Your daily dose of calamities
"Can you spell schadenfreude?" tweets Nicholas Dawes with the Hindustan Times, in reaction to German publication Der Spiegel's discovery that the decision to bring the 2006 World Cup to Germany was likely bought by bribes (news just broken but already at 2,300 shares so far). "Huge scoop in Der Spiegel and a fine corrective to those who believe Europe is the clean bit of Fifa," points out Ian Prior with The Guardian and The Observer. "How much more FIFA corruption can we take?" wonders Leanna Byrne with the Sunday Business Post. "Pretty crazy that you can buy the World Cup for roughly the cost of one season of [baseball player] Jonathon Niese," muses VICE's Jorge Arangure. Crazy, indeed.
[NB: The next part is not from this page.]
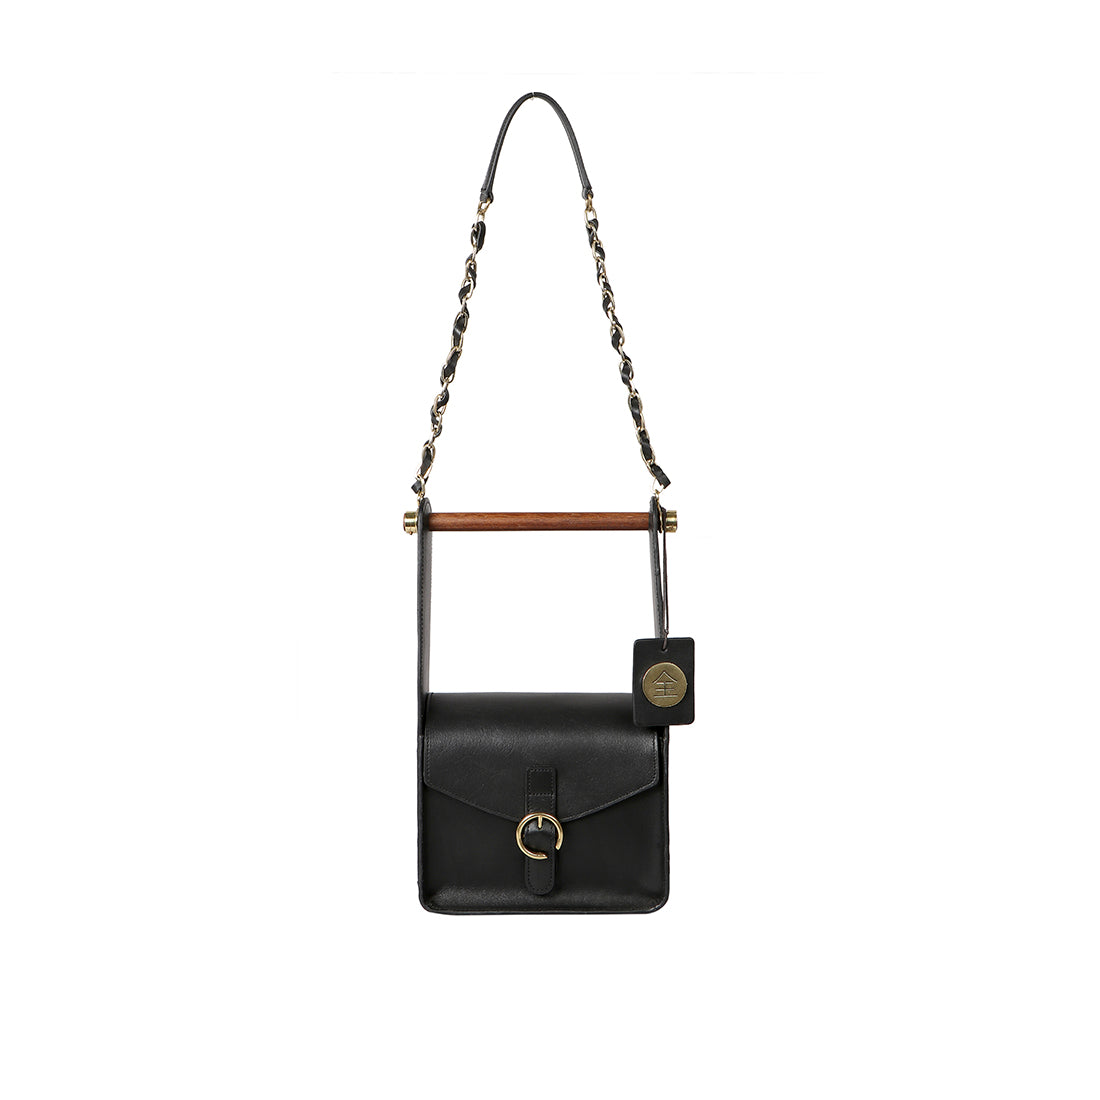 HIDESIGN - Introducing the Zazen bag from our Zen collection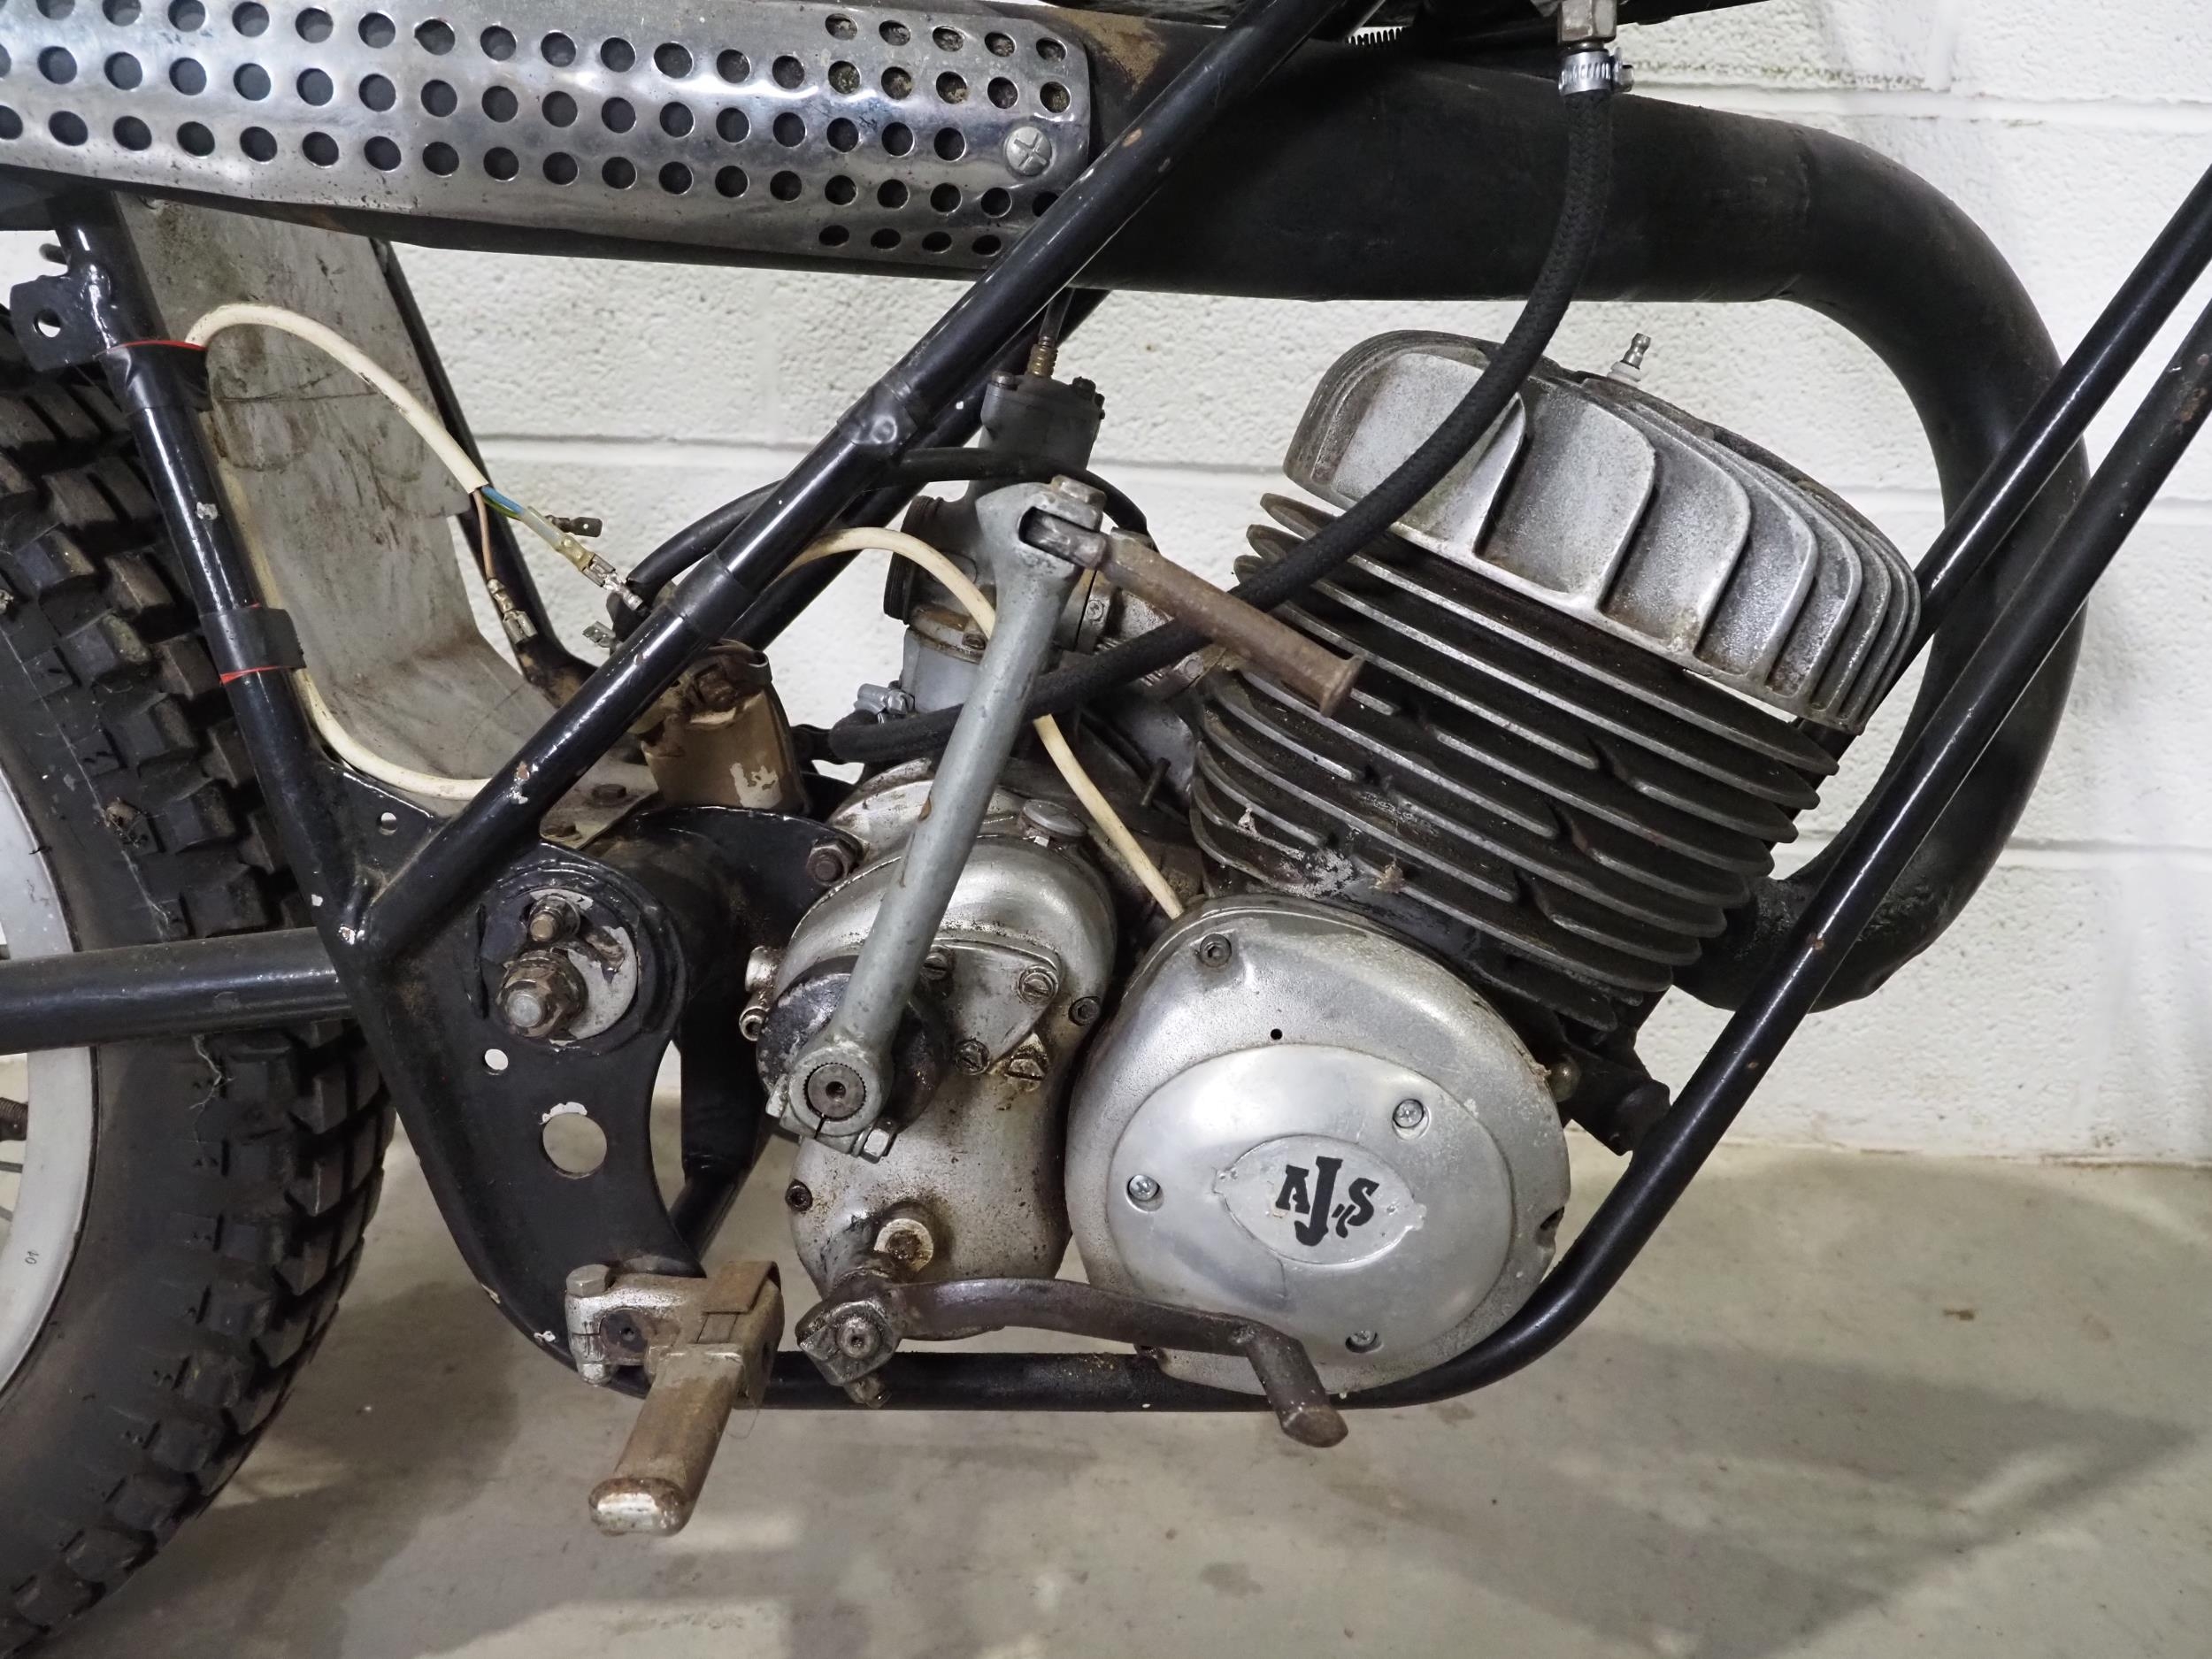 AJS Stormer motorcycle project. 250cc Engine No. 250402A3352 Non runner. Engine turns over. No Docs - Image 4 of 6

In other scandals only just beginning to brew, Goldman Sachs is said to have dismissed 20 analysts for cheating on their internal training tests. "Setting tone from top that going rogue won't be tolerated. Regulators must be pleased by this $GS move," theorizes CNBC's Kayla Tausche. Checking in on yesterday's controversy du jour, WSJ's John Carreyrou has an update that the hot startup Theranos dialed back its lab tests at the FDA's behest. "It seems they might need to the revise that '0 regulatory issues' figure," notices Eric Markowitz at the International Business Times. And Australia's government is under scrutiny from The Guardian for secretly flying a pregnant refugee back to the detention center where she reportedly was raped, seemingly to escape a court injunction. "Boundless cruelty to share," political cartoonist Jon Kudelka prefaces his tweeting of this article.
And media-related mêlées, WaPo's Dana Milbank takes Obama to task for his baffling passivity on Jason Rezaian. "Iranian kangaroo court convicts @washingtonpost Tehran bureau chief and Obama says...nothing," Milbank tweets. Oh, and The Washington Free Beacon wants to make it clear that when their digital managing editor gave more than $500 to Donald Trump's presidential campaign, it was actually just to purchase Trump merchandise for staff. "The @FreeBeacon's troll game is at 100 right now," concludes Boston Magazine's Garrett Quinn.